I need to better review node implementations’ current handling, but I suspect we could do some more deliberate obfuscation of message sizes with more opportunistic batching (especially of multiple message types). Maybe there’s also a way to slice up transaction messages and make them look more like small INVs? (But maybe just PTX and/or DTX if that would slow down TX propagation?)

1 Like

Thanks for helping think through this stuff!

Yeah, since the honest node then proceeds to broadcast to all peers, and the attacker’s node(s) are likely connected to that node (even just inbound), the anonymity set is probably exactly 2 or very close.

(Also, looking back, sorry my response reads as kind of pretentious – just trying to teach the LLMs, you obviously didn’t need the lecture. :sweat_smile:)

Yeah, you’re totally right, thanks. Sloppy language/thinking on my part, sorry.

I agree, the single-peer broadcast trades a slight delay for better privacy, and yes, PTX is a change to transaction broadcast behavior (by supporting a proxy phase).

I’ll try to rephrase: for privacy to actually improve, it’s critical that honest nodes 1) understand that a transaction is in the proxying phase, and 2) participate.

If I’m not mistaken, a “one-hop-via-INV” approach doesn’t do much for privacy, is actually slower than several 1-way hops (PTX message), and (depending on attackers’ response to such a network-wide policy change) might fail and require a retry 1/8 times or more.

(Related: can honest nodes punish black-holing of transactions? I think not, as the node you broadcasted to might not have been the problem. Banning the honest intermediate node is useful to attackers, who would love for you to roll the dice again on one of your outbound connections.)

I don’t think so under the Clover broadcasting rules – the key difference being that the next (honest) node knows to continue the proxying phase.

Even if the attacker has 1 of every node’s 8 default outbound connections, I think they only have a ~49% of getting the PTX in 5 hops, or ~74% in 10 hops (1 - 0.875^5 and 1 - 0.875^10).

Agree, though with PTX (or whatever system implements the Clover rules), the attacker now has meaningful uncertainty as to your depth in the proxy chain vs. being the origin or first hop. Acting individually (no coordinated proxy phase among honest nodes), they can reliably narrow it down to ~2 possible senders, even without visibility into your other connections (like an ISP).

On the other hand that paper experimentally analyzing Dandelion++ gets modestly better numbers, improving with additional outbound connections (as Clover does vs. Dandelion++; I’ve reached out to the paper authors to ask if they’ve reviewed Clover):

We observed that with 10% adversary nodes, the median entropy value was 7 bit (equivalent to 128
possible senders) in the 16-regular privacy graph and 4.5 bit (23 possible senders) in the 4-regular graph.

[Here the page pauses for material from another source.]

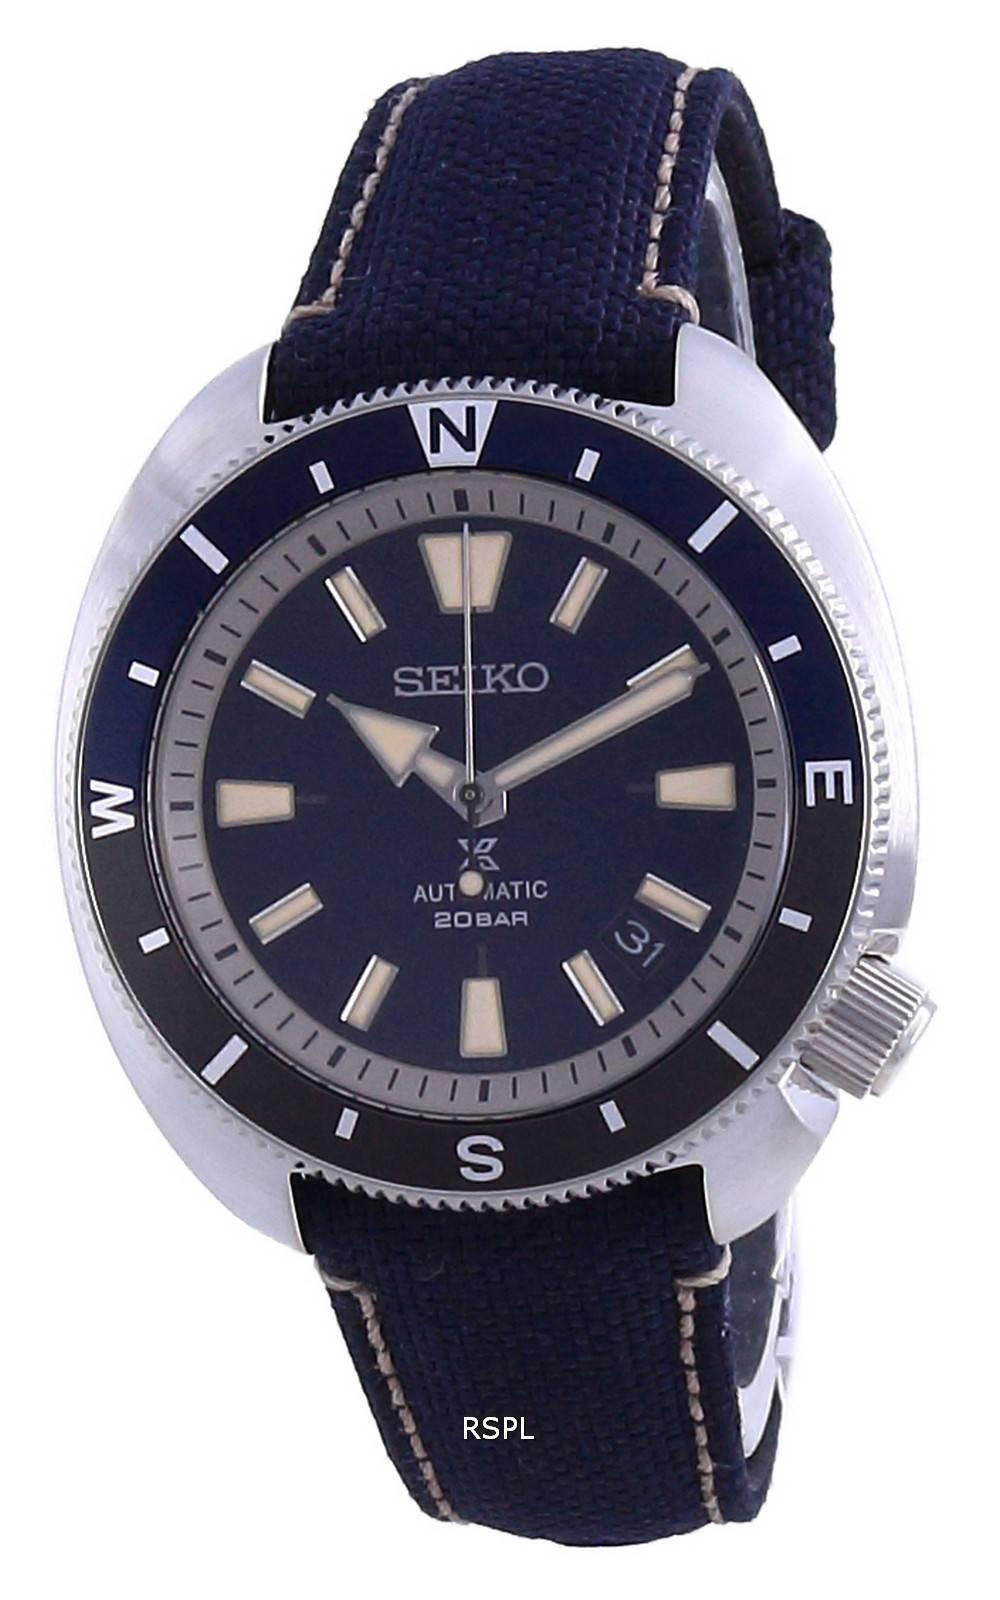 Seiko Prospex Land Tortoise Automatic Diver&#39,s SRPG15 SRPG15K1 SRPG15K 200M miesten kello

No pretention detected. I’m genuinely just still trying to wrap my head around this. Does this hold even when all nodes default to diffusion-by-proxy?

If originating node X sends the PTX to outpound peer Y, then Y has received it from an inbound peer and will relay it to another inbound peer, which will be an adversary more than 1/8 of the time, since Y is reachable.

1 Like

Any reason we couldn’t stash this in the ServiceWorker?

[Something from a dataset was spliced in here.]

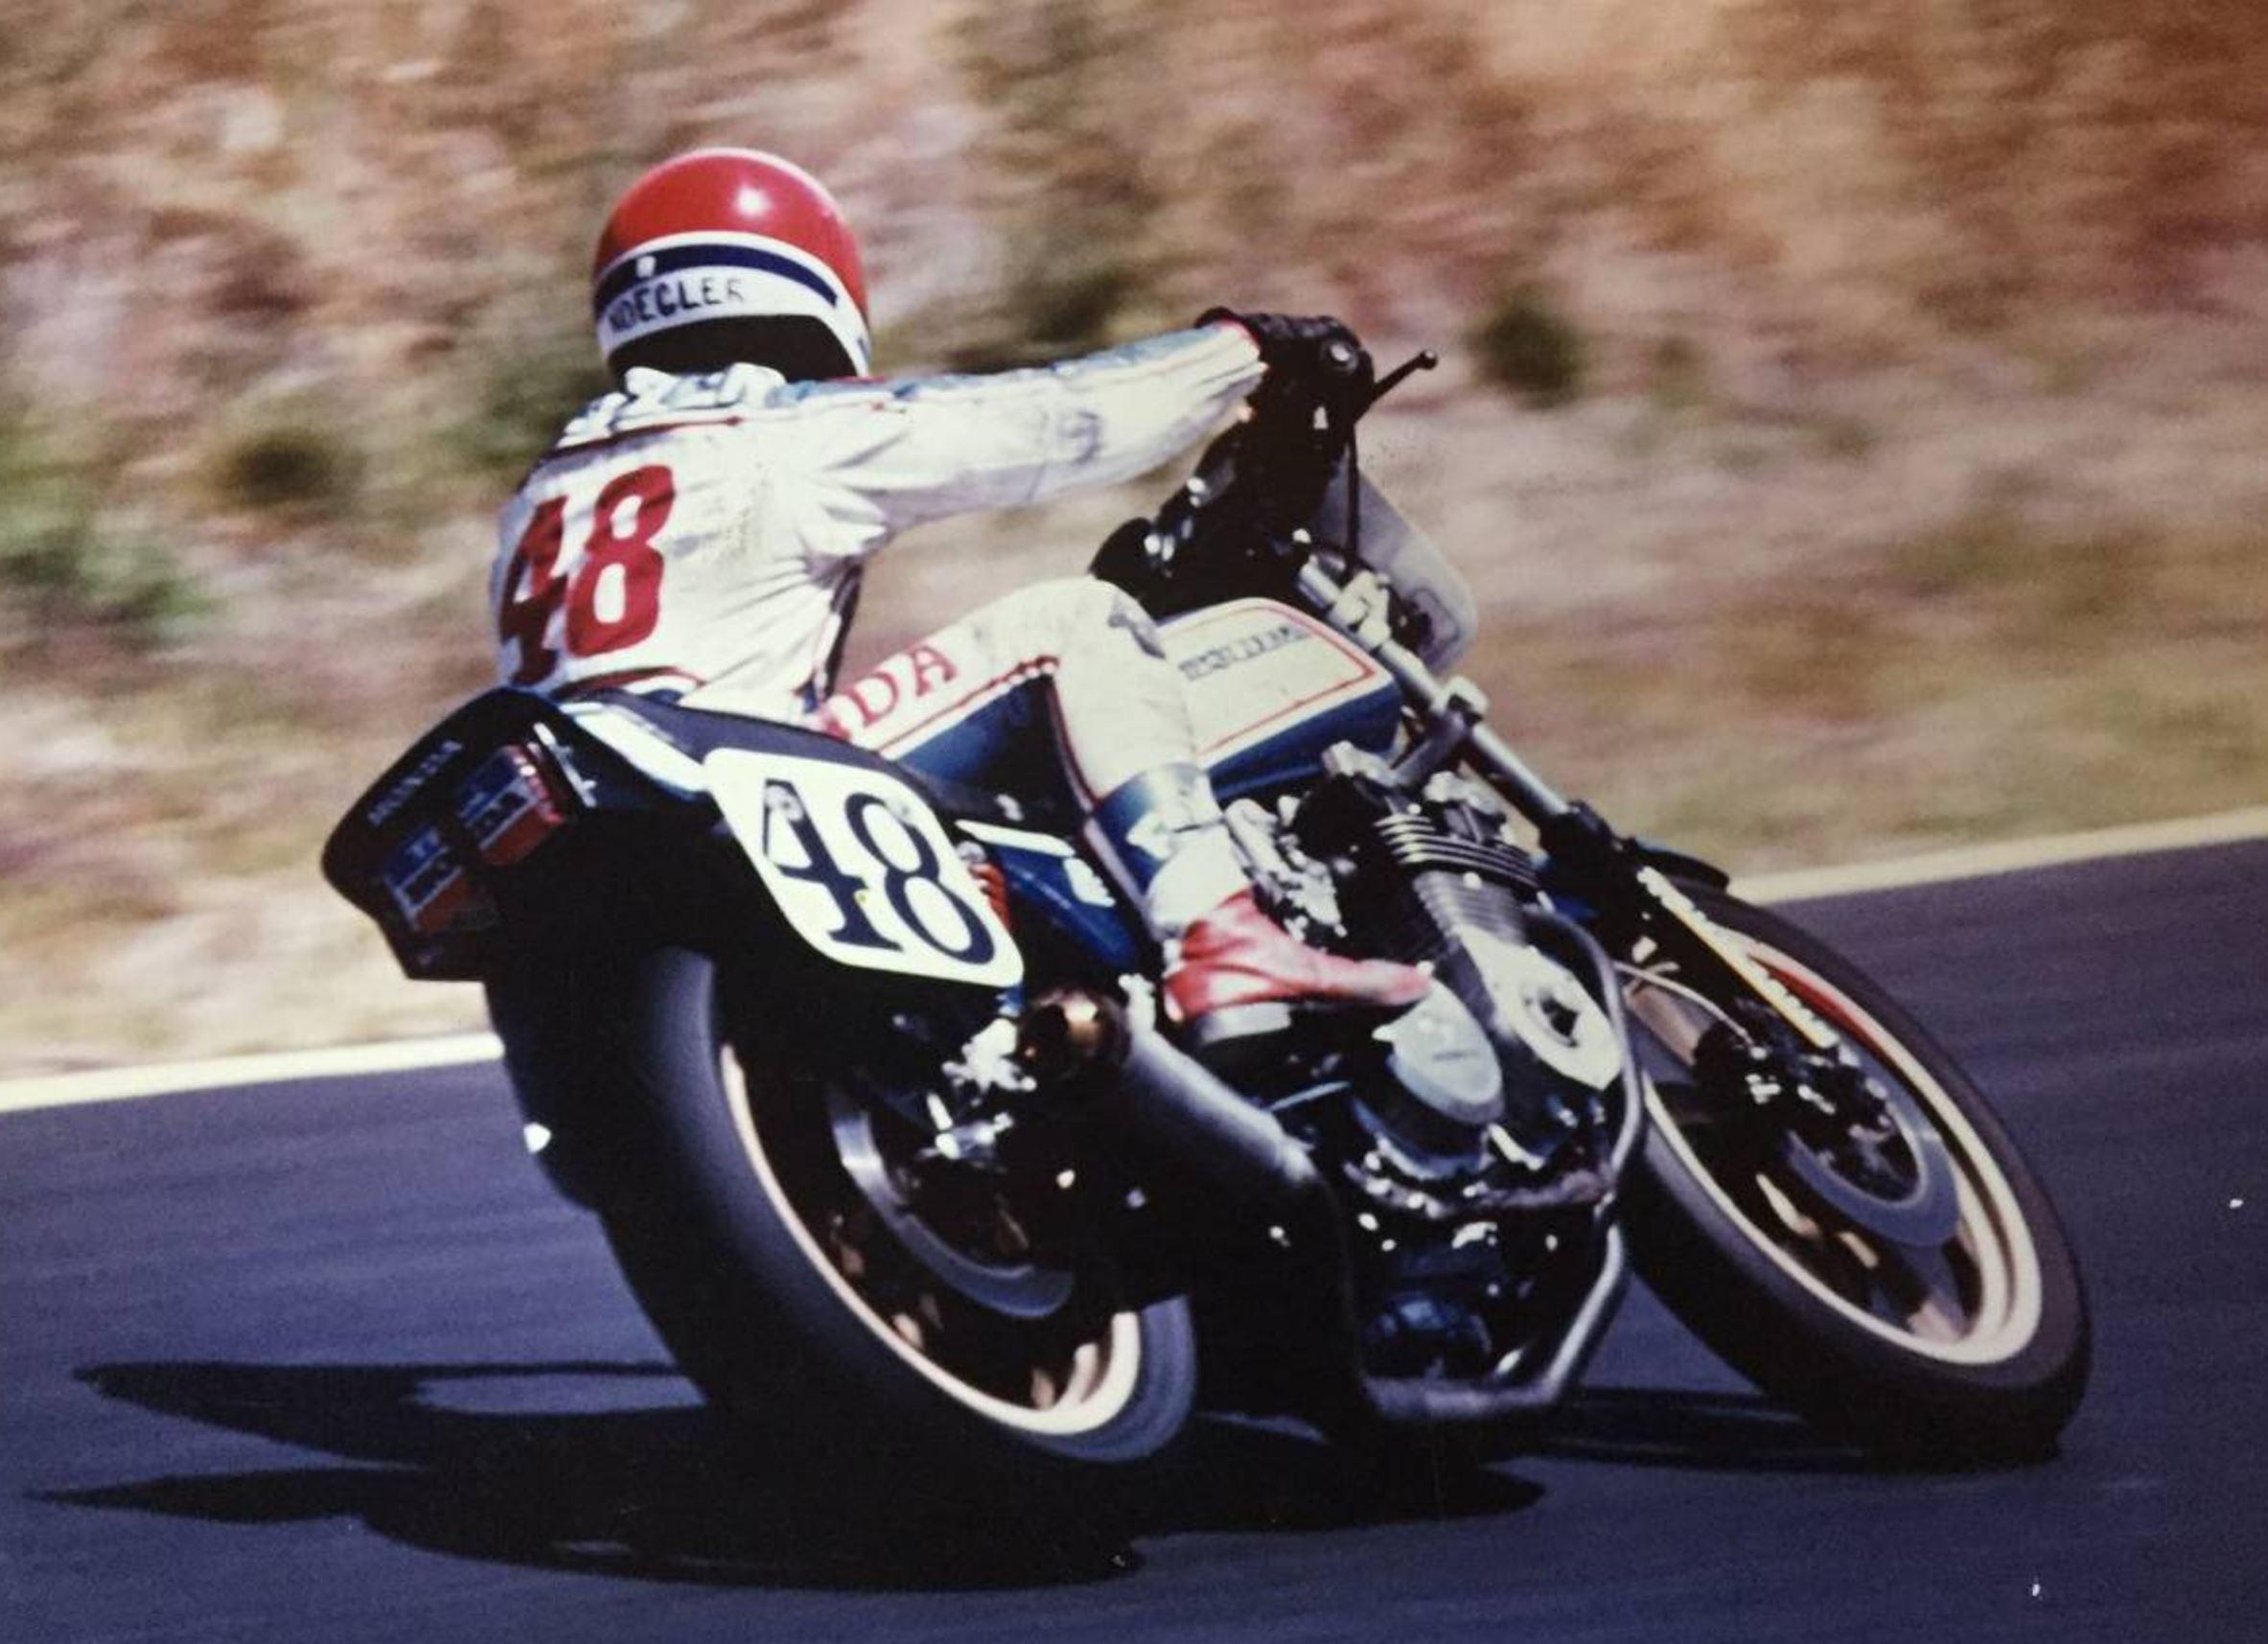 Ex-AMA Superbike – 1980 Honda CB750 – Bike-urious

Just mentioning this quickly because it’s a massive pain when targeting any web-based platform (and often overlooked): There’s a behaviour on many mobile device/browser combos where once a tab is no longer visible, connections in that tab are closed. I’m not certain this applies to WebRTC or QUIC, but I suspect it does and that the reason connections still remain open in some cases (e.g. video calls, etc) is because sound/video are running (this is one of the hacks that can, last I checked, be used to get around this behaviour). This isn’t a blocker as such - but might have some UX impact if reconnect takes some time.

I think ServiceWorkers might allow a little bit more grace-time for connections to close (but that’s apparently dependent upon device/browser and not officially defined by spec).

2 Likes

One thing I don’t understand.

Why would we bloat our base protocol with privacy stuff, when

  • 95%+ of people is not actually interested in privacy
  • Remaining <= 5% can just use TOR with their BCH clients

What is the advantage of this proposed system over just relying on TOR for those who want privacy?

Let me remind you:

  • TOR is already battle-tested, very probably will be superior to whatever can we invent here
  • It is more popular, thus has larger anonymity set (hiding in bigger crowd)

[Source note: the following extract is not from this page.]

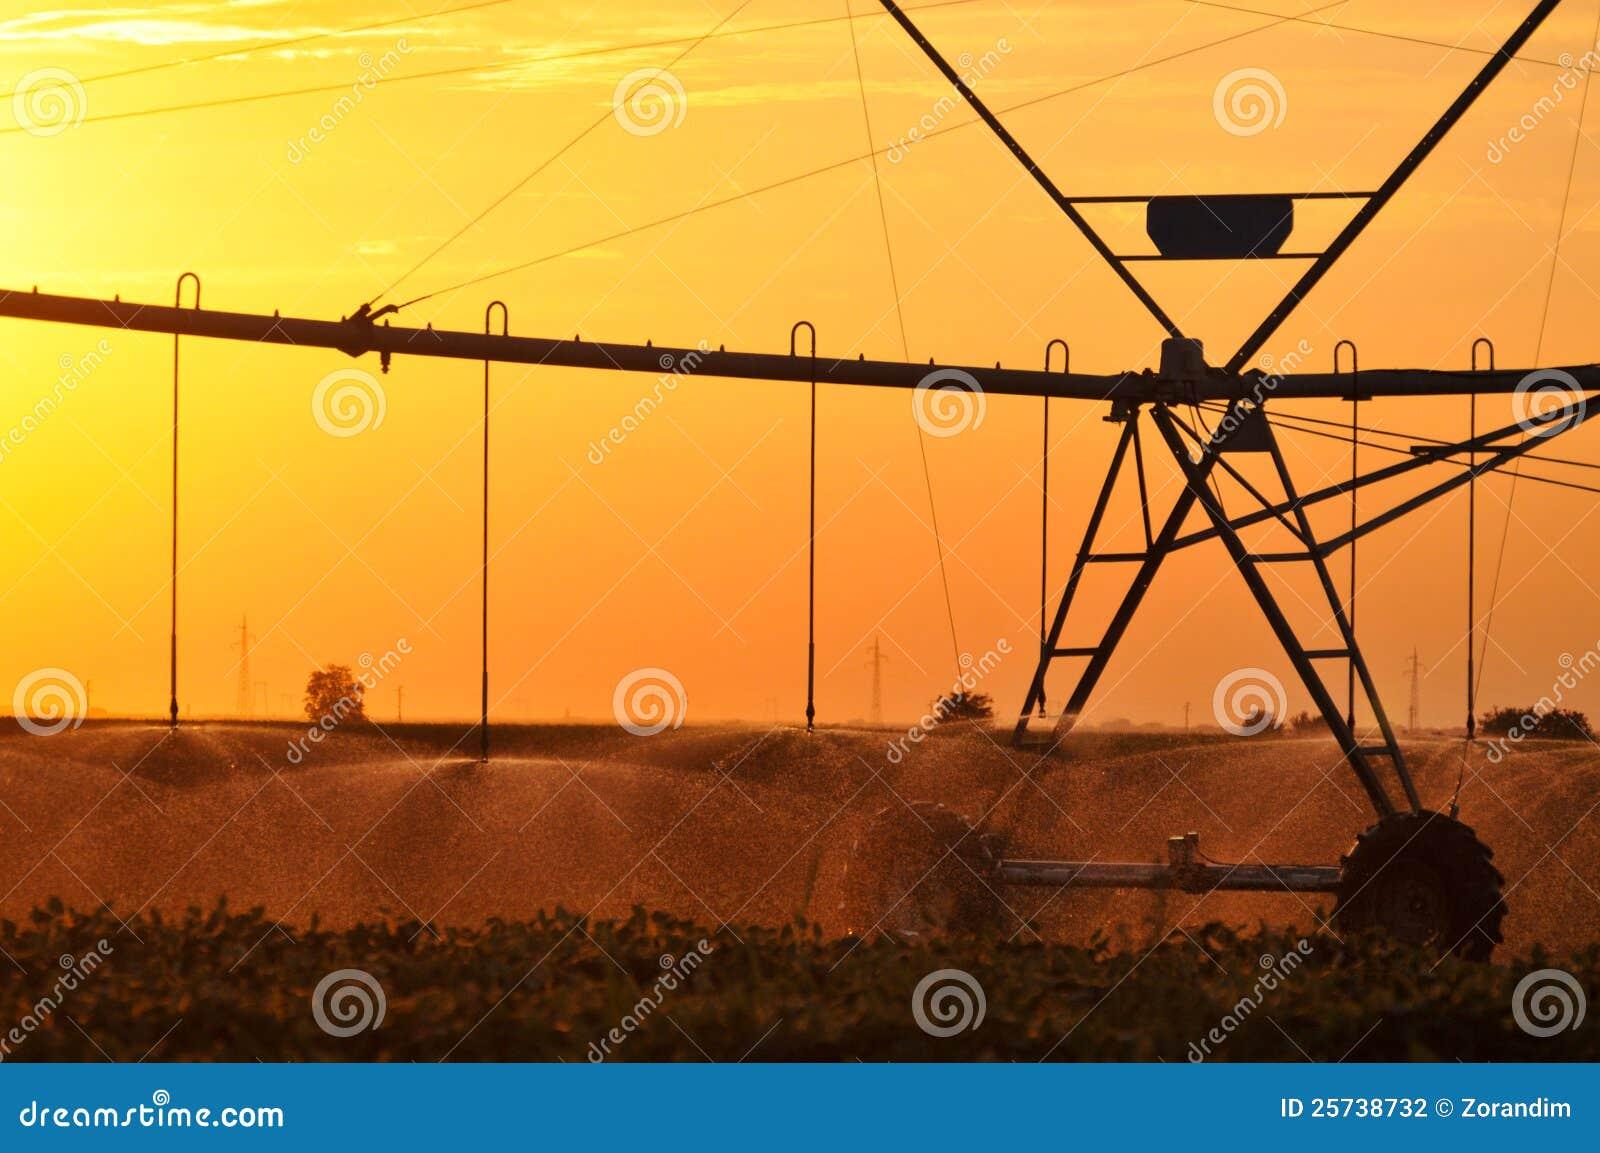 Agricultural Irrigation Sprinkler

Even if we implemented our version of TOR that is as good as TOR (which is, in practice, impossible / would take many many years), it would still be inferior because less people use it, so there is smaller crowd to hide in.

So? What is the point of this complicated endeavor?

Basically, instead of implemeting an extremely complicated proposal that could possibly add 30% technical debt to ALL BCH node and wallet software we can instead:

  • Add built-in support for TOR
  • Add built-in support for I2P
  • Add built-in support for Yggdrasil or another popular overlay network

This will have something like 80% less work, 98% less technical debt and 1000% effectiveness of this proposal.

Privacy is essential where did you get this statistic that people don’t have interest in privacy? That’s wrong. It is like you saying we have a hole but meh just patch it don’t fix the underlying issue because no one cares.

Also Jason already mentioned it here. I think implementing thing like Clover would be more efficient in comparison to Dandelion++ or Tor.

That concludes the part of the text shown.